Потом сестра выкликнула имя моей матери: ее лекарства были готовы.

— Пойди, забери их вместо меня, — попросила она. — Скажи им, кто ты. Скажи им, что ты — моя дочь.

Да, я была ее дочерью — но не только. Я была — Карен, Шерил, Лейф. Карен Шерил Лейф. КаренШерилЛейф. Наши имена сливались в одно в устах моей матери всю мою жизнь, сколько я себя помню. Она шептала это имя и выкрикивала, шипела и распевала. Мы были ее дети, ее друзья-товарищи, ее начало и ее конец. Мы по очереди ездили с ней на переднем сиденье в машине. «Насколько я вас люблю — настолько?» — спрашивала она нас, раздвигая пальцы на пятнадцать сантиметров. «Нет», — отвечали мы с хитрыми улыбками. «Насколько я вас люблю — настолько?» — спрашивала она снова, и снова, и снова, каждый раз раздвигая руки все шире. Но у нее никогда не получалось показать это, как бы широко она ни разводила руки. Количество ее любви к нам нельзя было измерить руками. Его невозможно было выразить численно или в чем-то уместить. Эта любовь была десятью тысячами поименованных вещей из вселенной «Дао Дэ Цзин»[2] — и еще десятью тысячами вещей сверх того. Ее любовь была громогласной, всеобъемлющей и неприукрашенной. Каждый день она расточала ее без остатка, весь запас.

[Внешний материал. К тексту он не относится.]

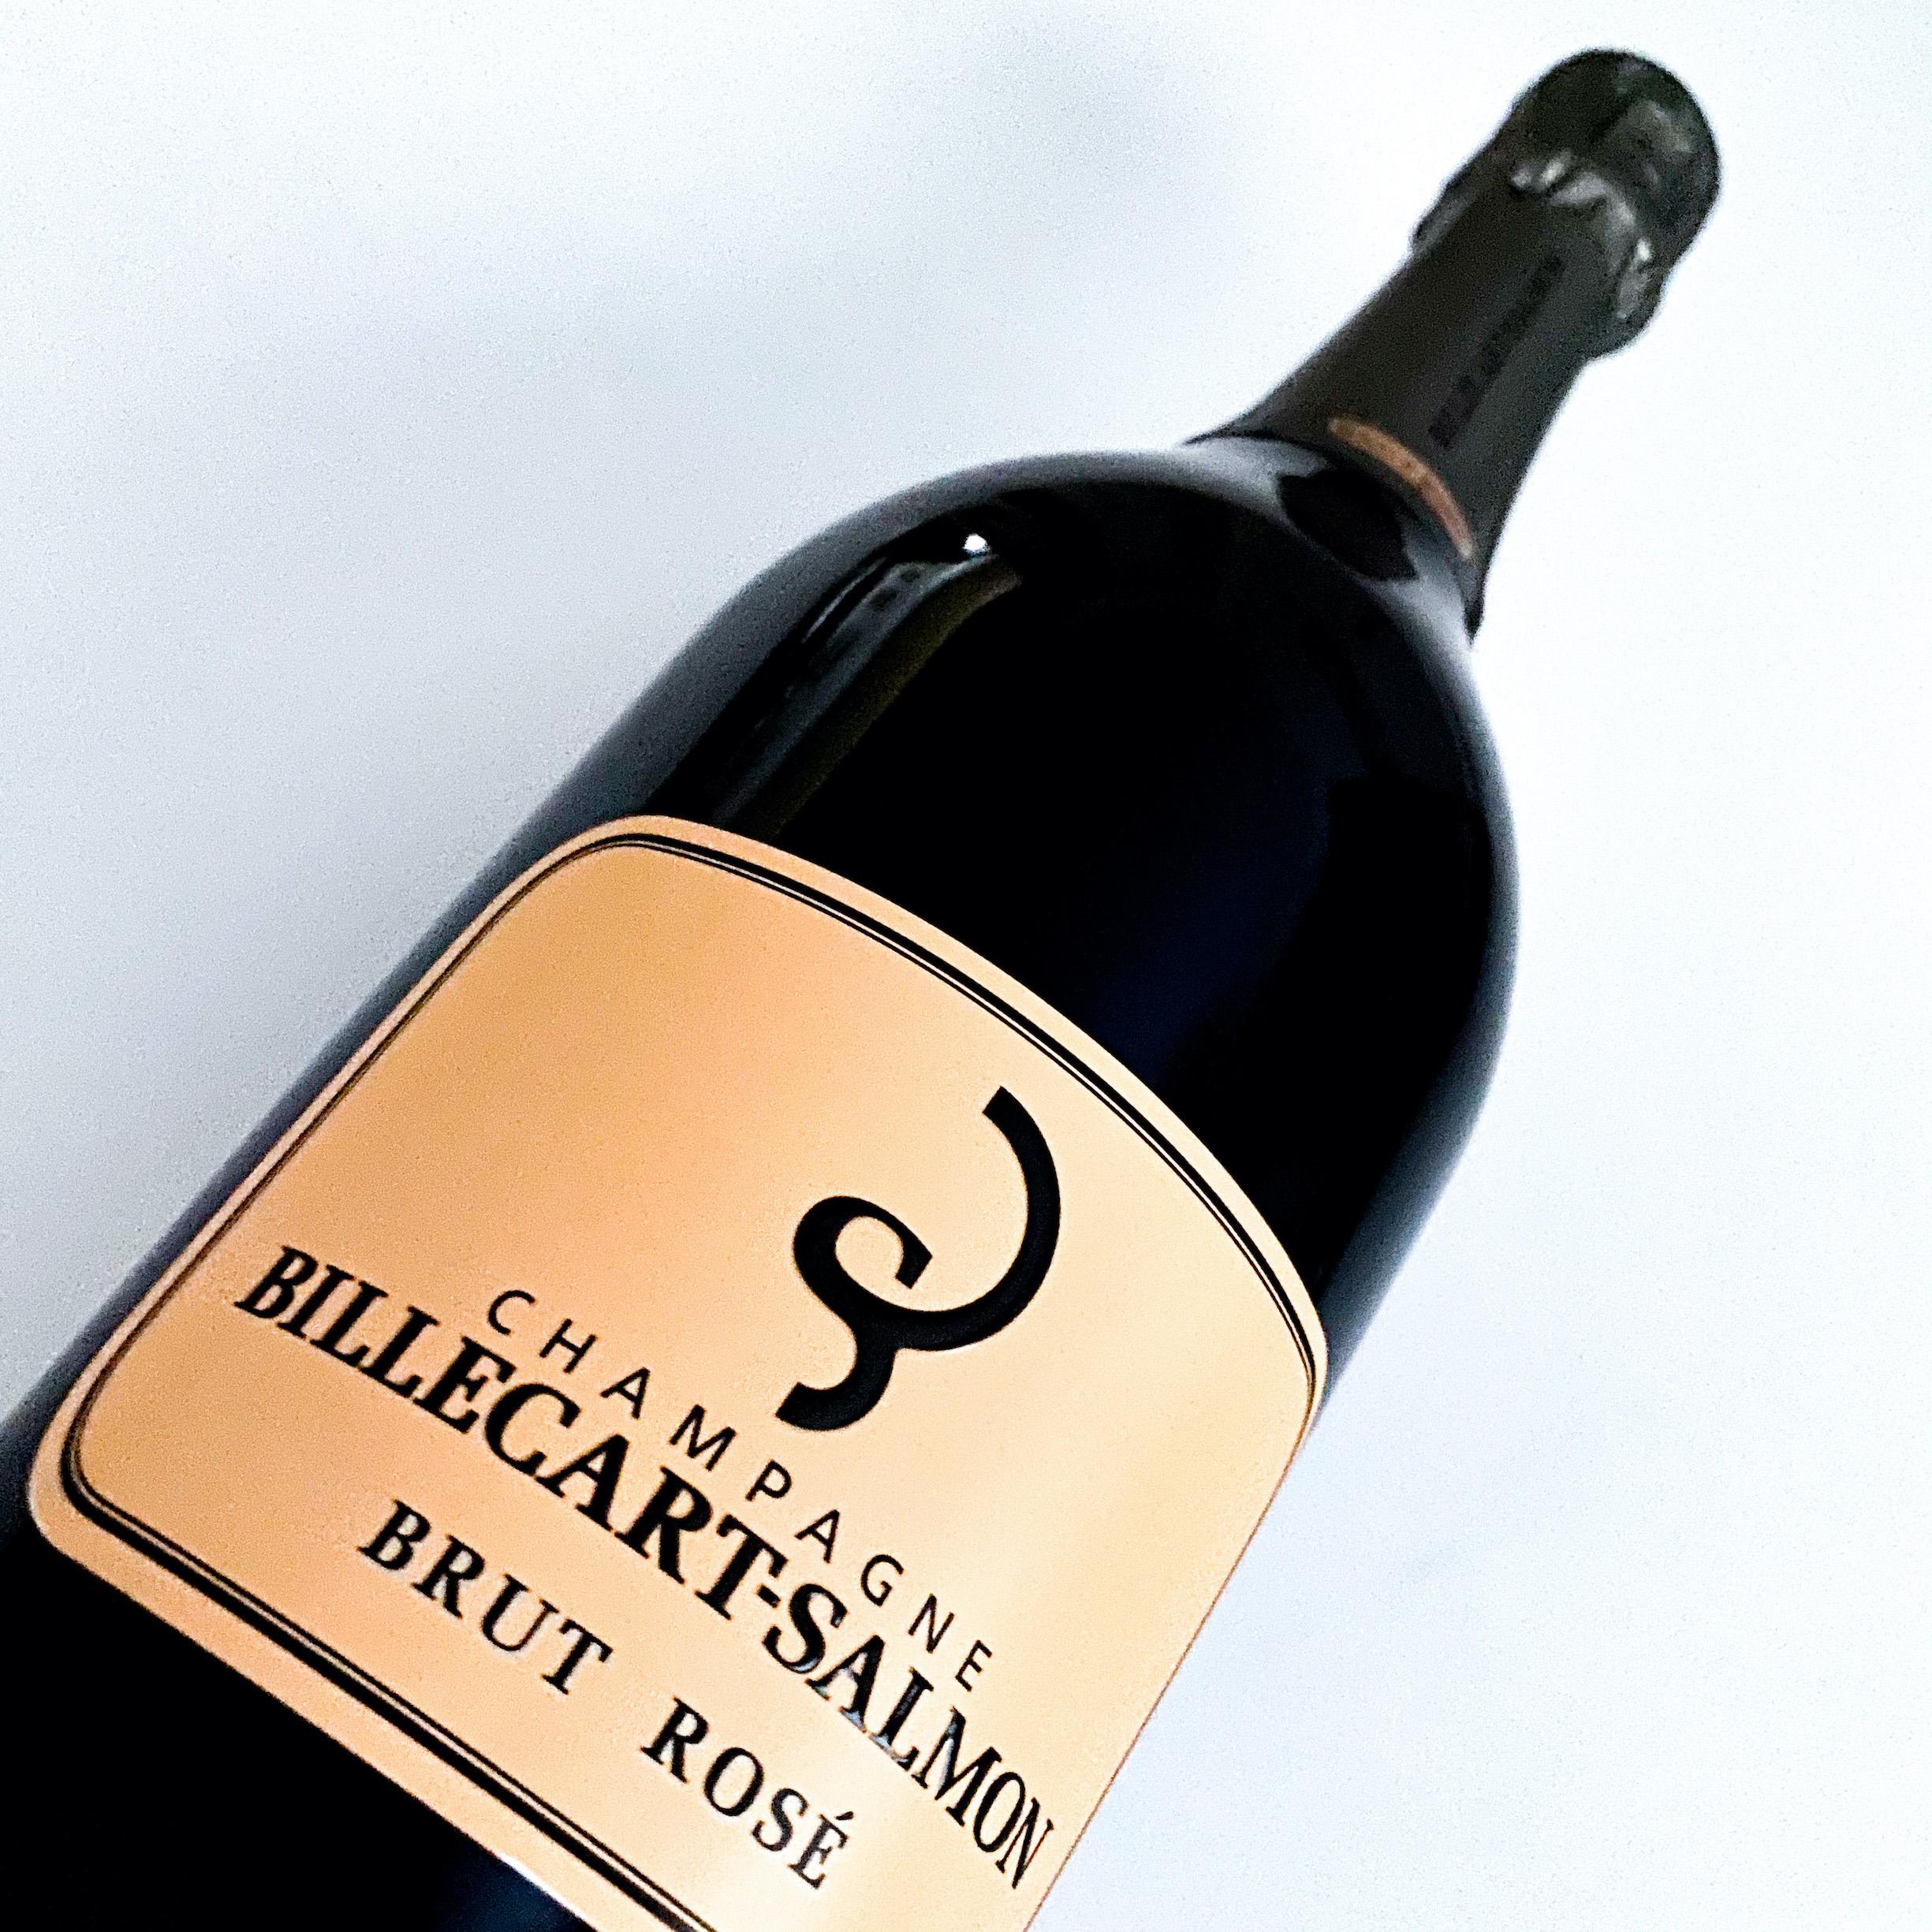 Billecart Rosé Champagne
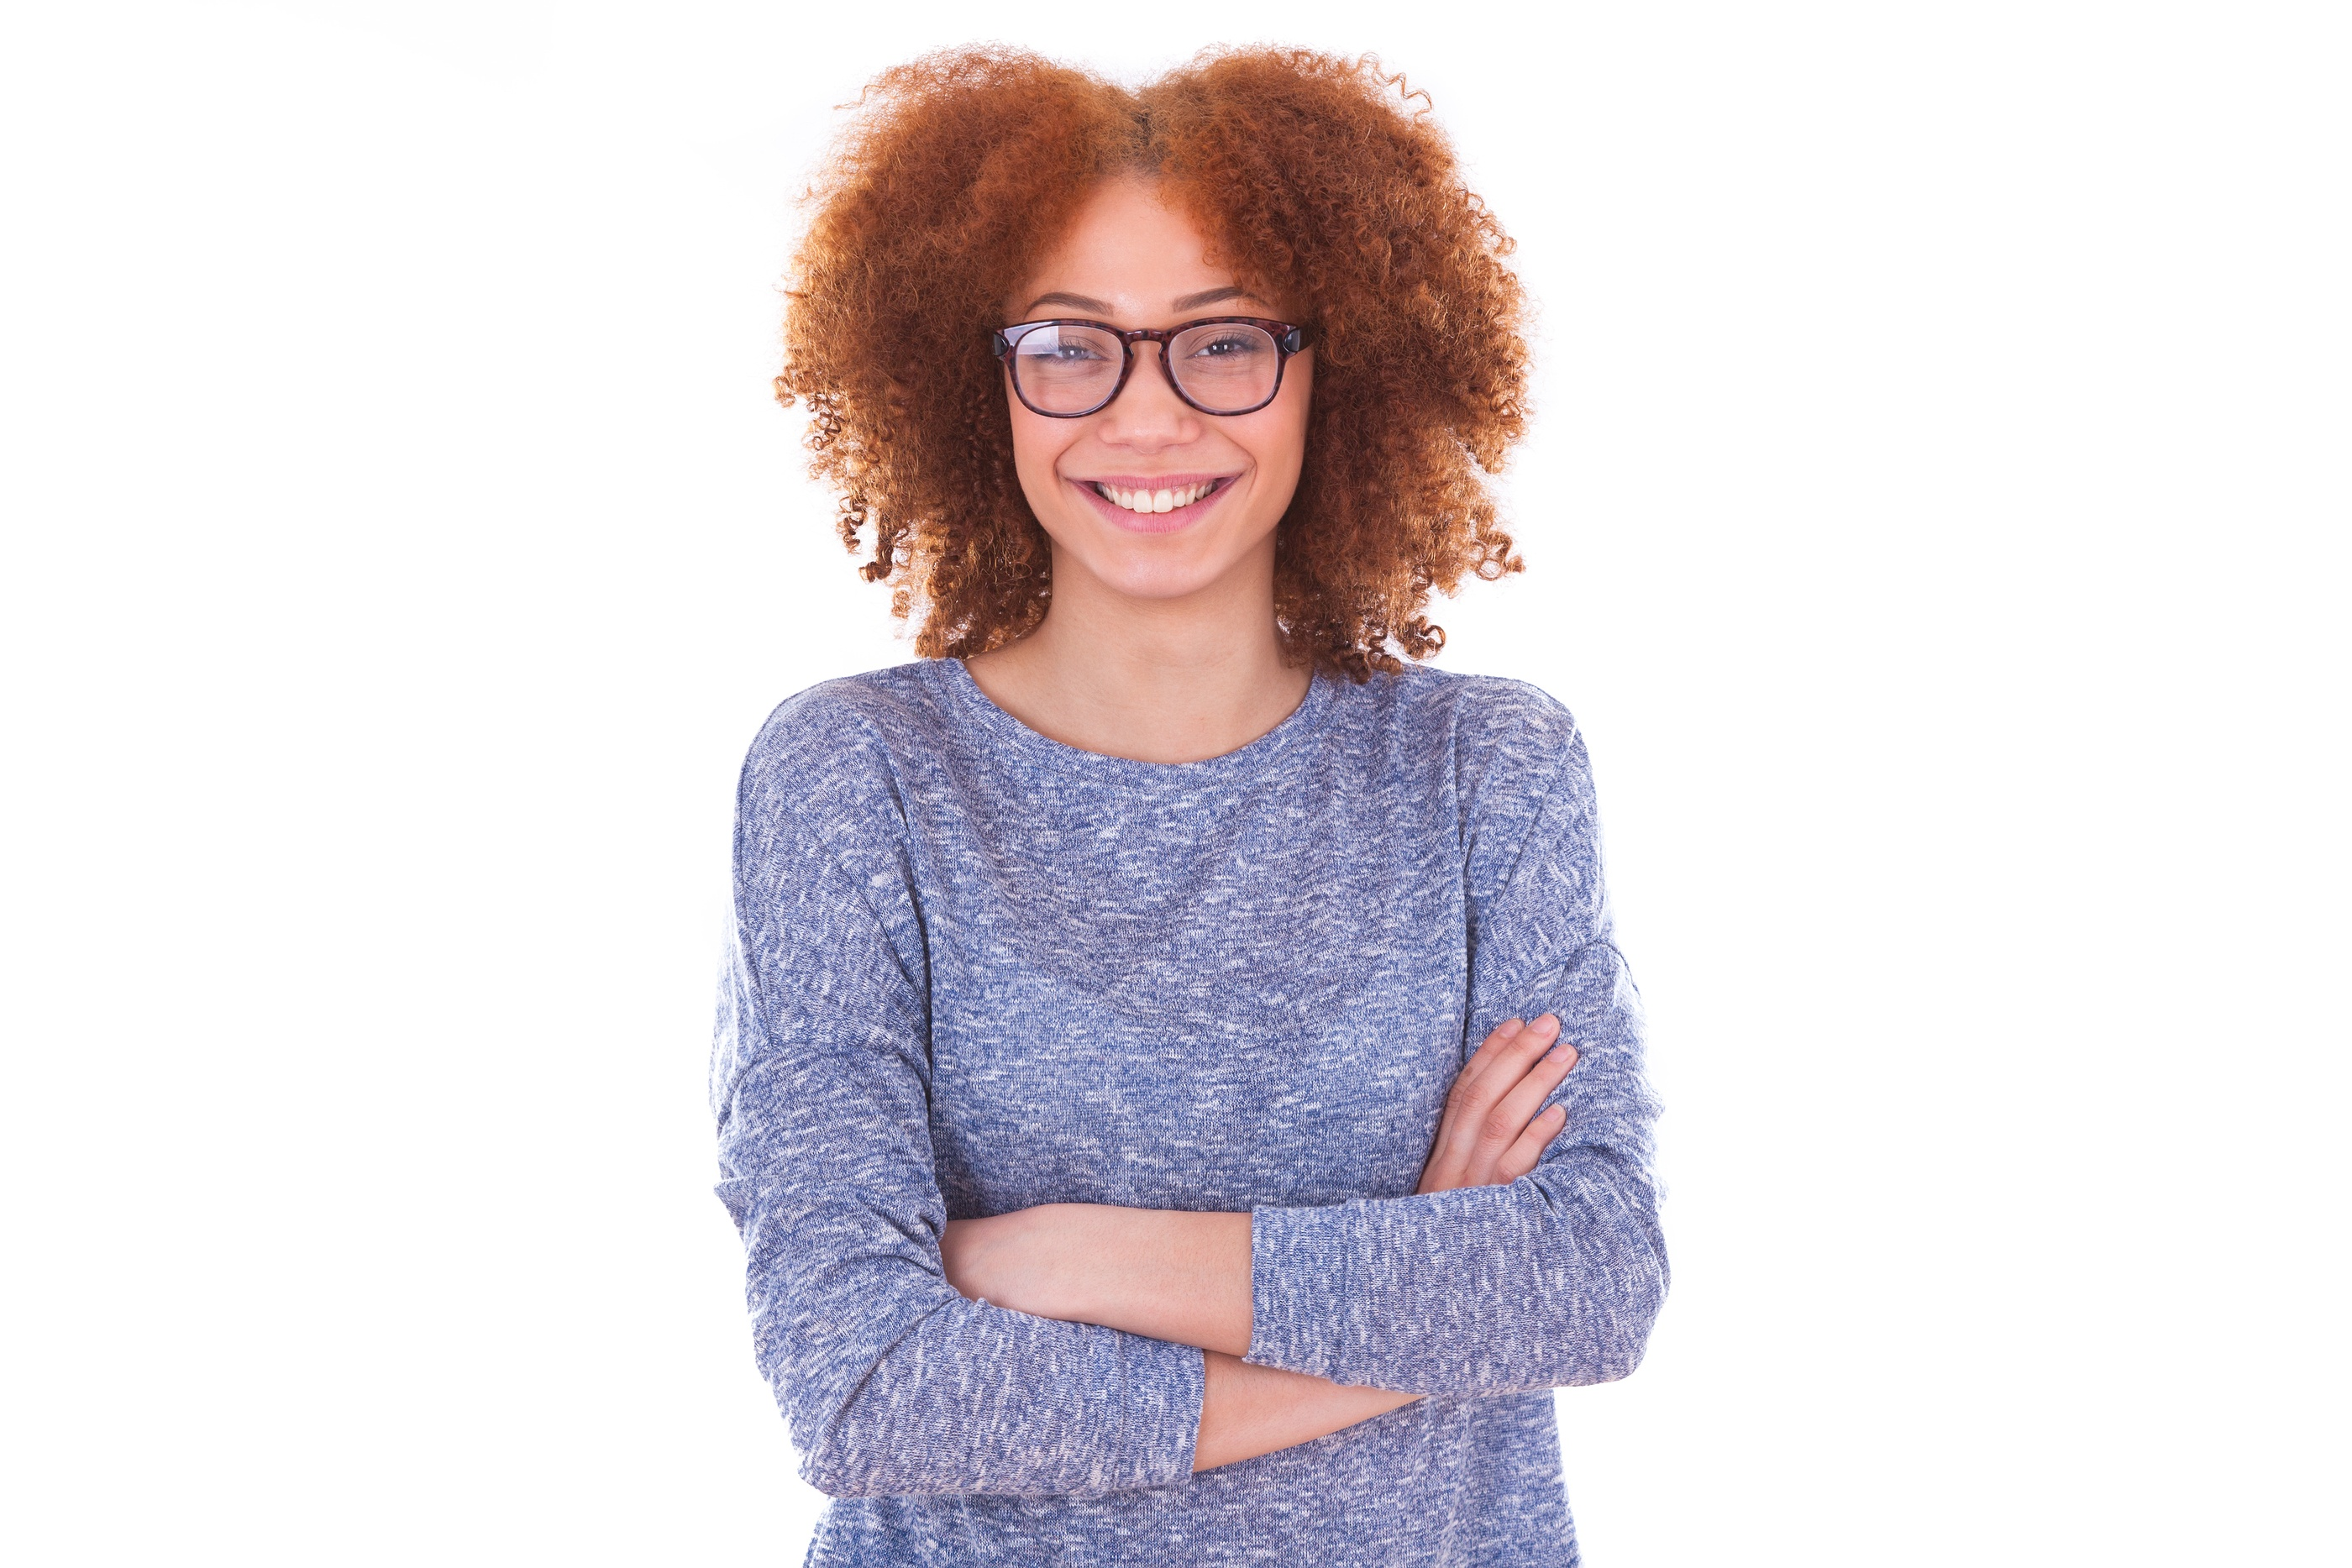 bigstock-Happy-Young-Hispanic-Teenage-G-87678446.jpg

Она была дочерью кадрового военнослужащего и католичкой. До того момента, как ей исполнилось пятнадцать, она успела пожить в пяти разных штатах и двух графствах. Она обожала лошадей и Хэнка Уильямса, у нее была лучшая подружка по имени Бабс. В девятнадцать лет, забеременев, она вышла замуж за моего отца. Тремя днями позже он зверски избил ее. Она ушла и вернулась. Снова уходила и вновь возвращалась. Она не собиралась с этим мириться — но мирилась. Он сломал ей нос. Он перебил всю ее посуду. Он до костей содрал кожу на ее коленях, волоча ее за волосы по подъездной дорожке средь бела дня. Но он ее не сломал. В двадцать восемь лет она сумела уйти от него — в последний раз.

Она осталась одна, и КаренШерилЛейф ездили с ней на переднем сиденье машины.

К тому времени мы жили в маленьком городке в часе езды от Миннеаполиса, кочуя из одного многоквартирного дома в другой. У всех у них были обманчиво фешенебельные названия: Милл-Понд и Барбери-Нолл, Три-Лофт и Лейк-Грейс-Мейнор. У матери была одна работа, потом ее сменяла другая. Вначале она обслуживала столики в одном кафе, которое называлось «Северянин», потом в другом, «Инфинити», где ее униформа состояла из черной футболки с блескучей надписью «Вперед!» поперек груди. Она работала в дневную смену на фабрике, которая производила пластиковые контейнеры для хранения высокотоксичных химикатов, и приносила бракованные изделия домой — подносы или коробки, которые были надтреснуты, надколоты или перекособочены машиной. Мы превращали их в игрушки — кроватки для наших кукол, гаражи для наших машинок. Она все работала, работала и работала, но мы оставались все такими же бедными. Мы получали от правительства благотворительный сыр и сухое молоко, талоны на продукты и на медицинскую помощь, а в Рождество — бесплатные подарки от благотворителей. Ожидая, пока принесут чеки, мы играли в салочки, и в «красный свет — зеленый свет», и в шарады у почтовых ящиков нашего многоквартирного дома, которые можно было отпереть только специальным ключом.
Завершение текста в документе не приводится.